First occurrence of a shared expression is marked by underline characters "_..._". Repetition of a shared expression is marked by brackets "[...]".

The Shared Expression Lexicon

The shared expression lexicon provides a detailed view of the shared expressions in tsv format. The content of excerpt-alice_tsv-lexicon.tsv, is reproduced below:

Freq.	Free Freq.	Size	Surface Form	Establishment turn	Spanning	Priming	First Speaker	Turns
3	3	4	the piece of cake	3	4	2	Human	0, 2, 3
3	3	3	there are many	7	10	1	Human	0, 7, 9
3	3	2	the book	7	10	1	Human	0, 7, 9
2	2	2	grows Alice	4	2	1	Agent	3, 4
2	2	2	her smaller	7	4	1	Human	4, 7
6	4	1	Alice	3	10	2	Human	0, 2, 3, 4, 6, 9
5	3	1	smaller	7	8	4	Human	0, 2, 4, 6, 7
5	1	1	the	3	10	2	Human	0, 2, 3, 7, 9
3	1	1	are	7	10	1	Human	0, 7, 9
3	1	1	of	3	4	2	Human	0, 2, 3
2	2	1	sorry	8	4	1	Agent	5, 8

This tsv file contains the following columns:

  • Freq.: the number of different utterances in which the shared expression appears
  • Free Freq.: the number of different utterances in which the shared expression appears in a free form
  • Size: the number of tokens of the expression
  • Surface Form: the surface form of the expression
  • Establishment turn: the turn number in which the expression is first repeated (first turn is 0)
  • Spanning: the number of utterances between the first production and the last production of the expression
  • Priming: the number of repetitions of the expression by the initiator before being used by the other interlocutor
  • First Speaker: the initiator of the expression
  • Turns: the turns in which the expression appears

The Self-Repetition Lexicons

The self-repetition lexicons provide a detailed view of the self-repetitions for each dialogue participant in tsv format. Here, they are available:

The column definitions are the same as the ones for the shared expression lexicon.

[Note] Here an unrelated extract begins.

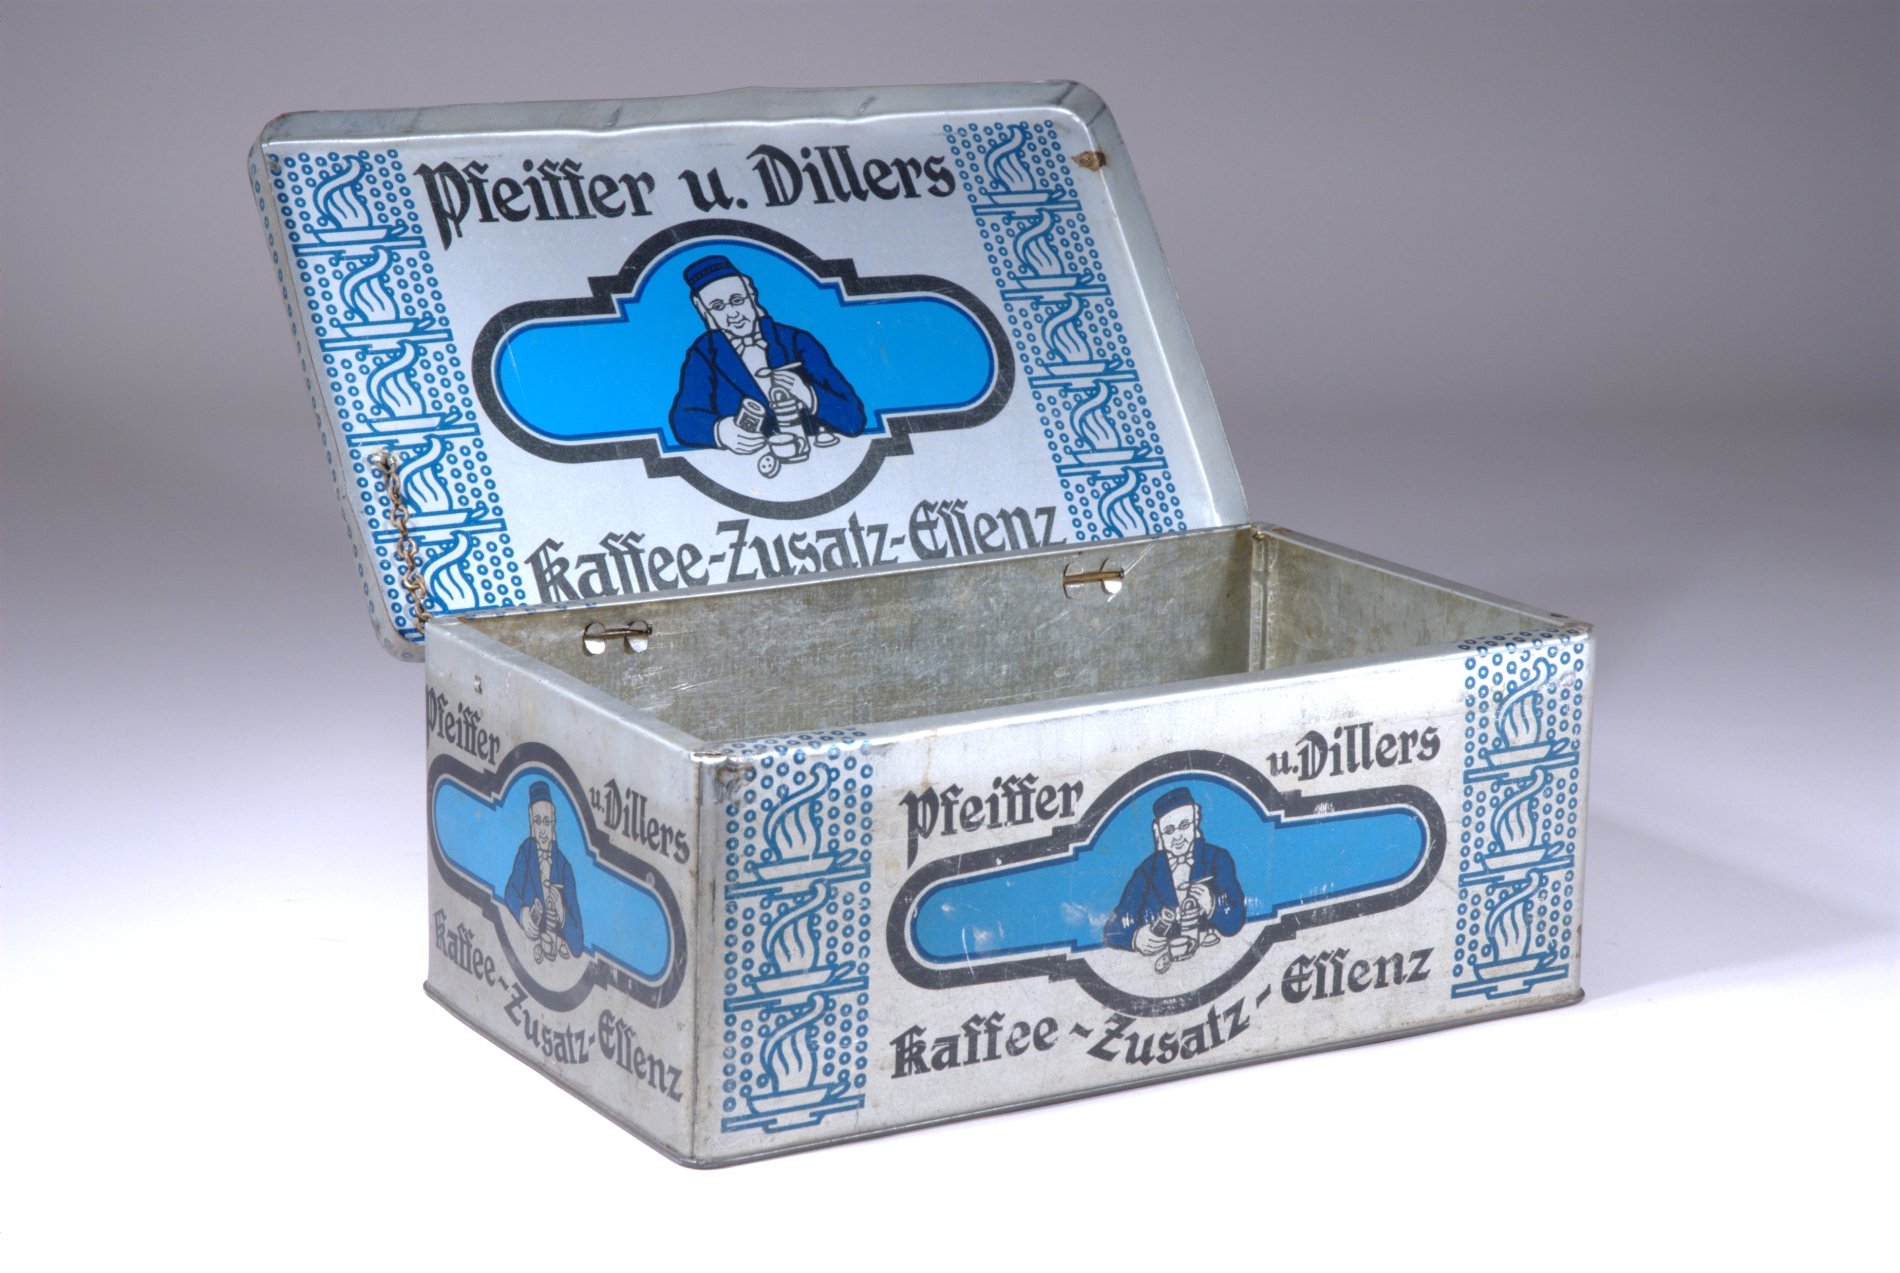 Kiste für "Pfeiffer u. Dillers Kaffee-Zusatz-Essenz" (Stiftung Domäne Dahlem - Landgut und Museum, Weiternutzung nur mit Genehmigung des Museums CC BY-NC-SA)
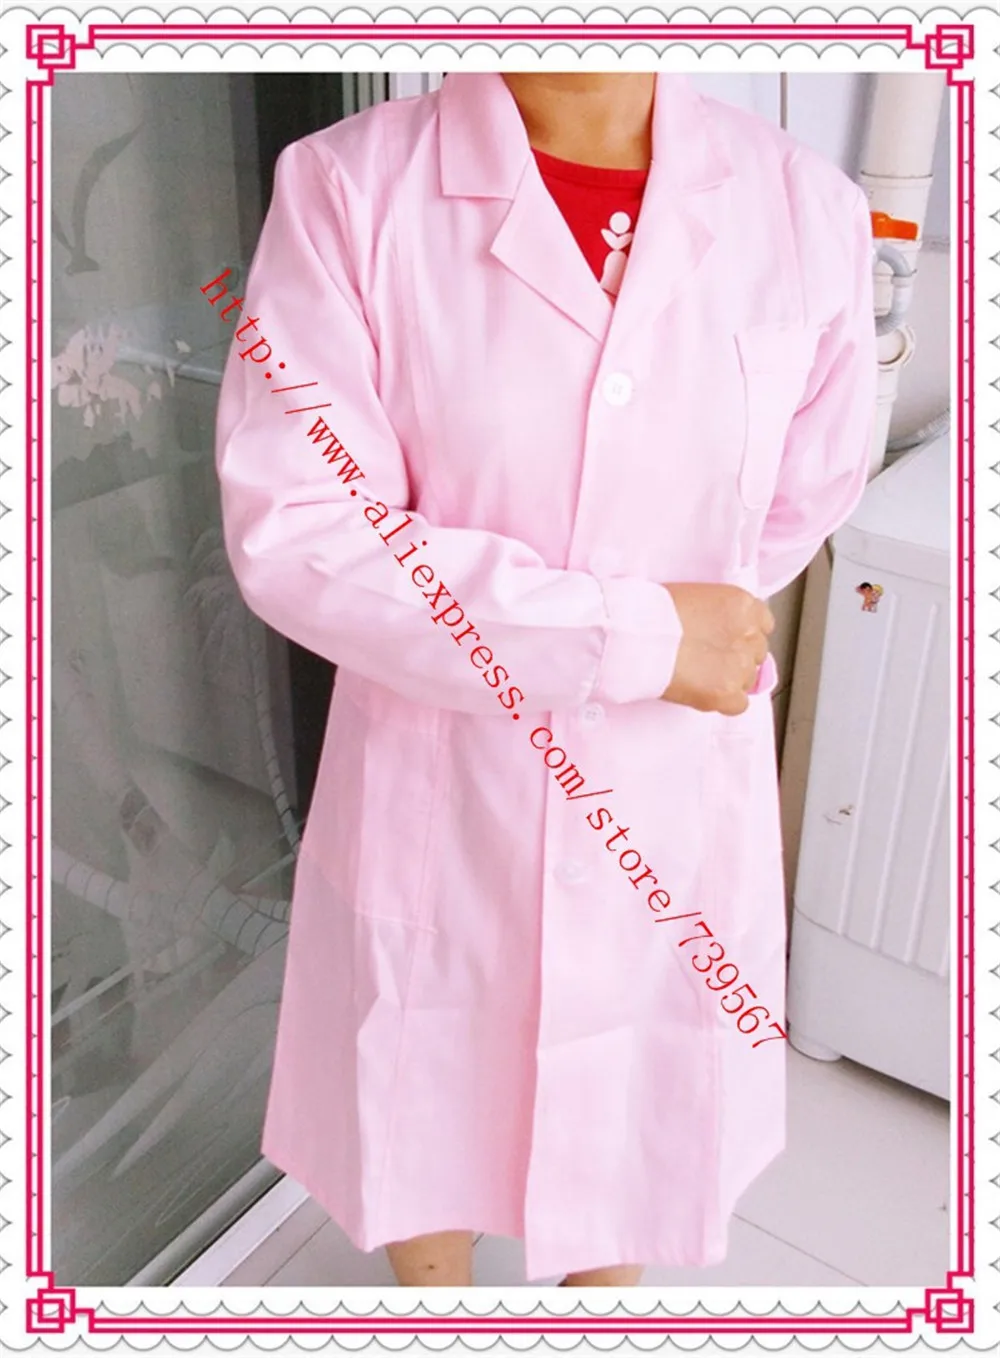 Медицинские скрабы Женщины/медицинская форма Женщины Рабочая одежда лабораторное пальто/медицинская одежда форма медсестры женщины лацкан медицинская униформа

The content of excerpt-alice_tsv-lexicon-self-rep-A.tsv is reproduced below:

Freq.	Size	Surface Form	Spanning	First Speaker	Turns
2	6	throughout the book there are many	3	Agent	7, 9
3	1	the	7	Agent	3, 7, 9
2	1	Alice	7	Agent	3, 9

The content of excerpt-alice_tsv-lexicon-self-rep-B.tsv is reproduced below:

Freq.	Size	Surface Form	Spanning	First Speaker	Turns
2	4	Alice bigger or smaller	3	Human	0, 2
2	4	the piece of cake	3	Human	0, 2
2	3	makes eh Alice	7	Human	0, 6
3	2	smaller ?	5	Human	2, 4, 6
2	2	what makes	3	Human	4, 6
4	1	Alice	7	Human	0, 2, 4, 6
4	1	makes	7	Human	0, 2, 4, 6
3	1	eh	7	Human	0, 2, 6
2	1	i	9	Human	0, 8
2	1	of	3	Human	0, 2
2	1	okay	5	Human	0, 4
2	1	the	3	Human	0, 2

That's all folks!

You know everything you need to know to use dialign for corpus studies! :-)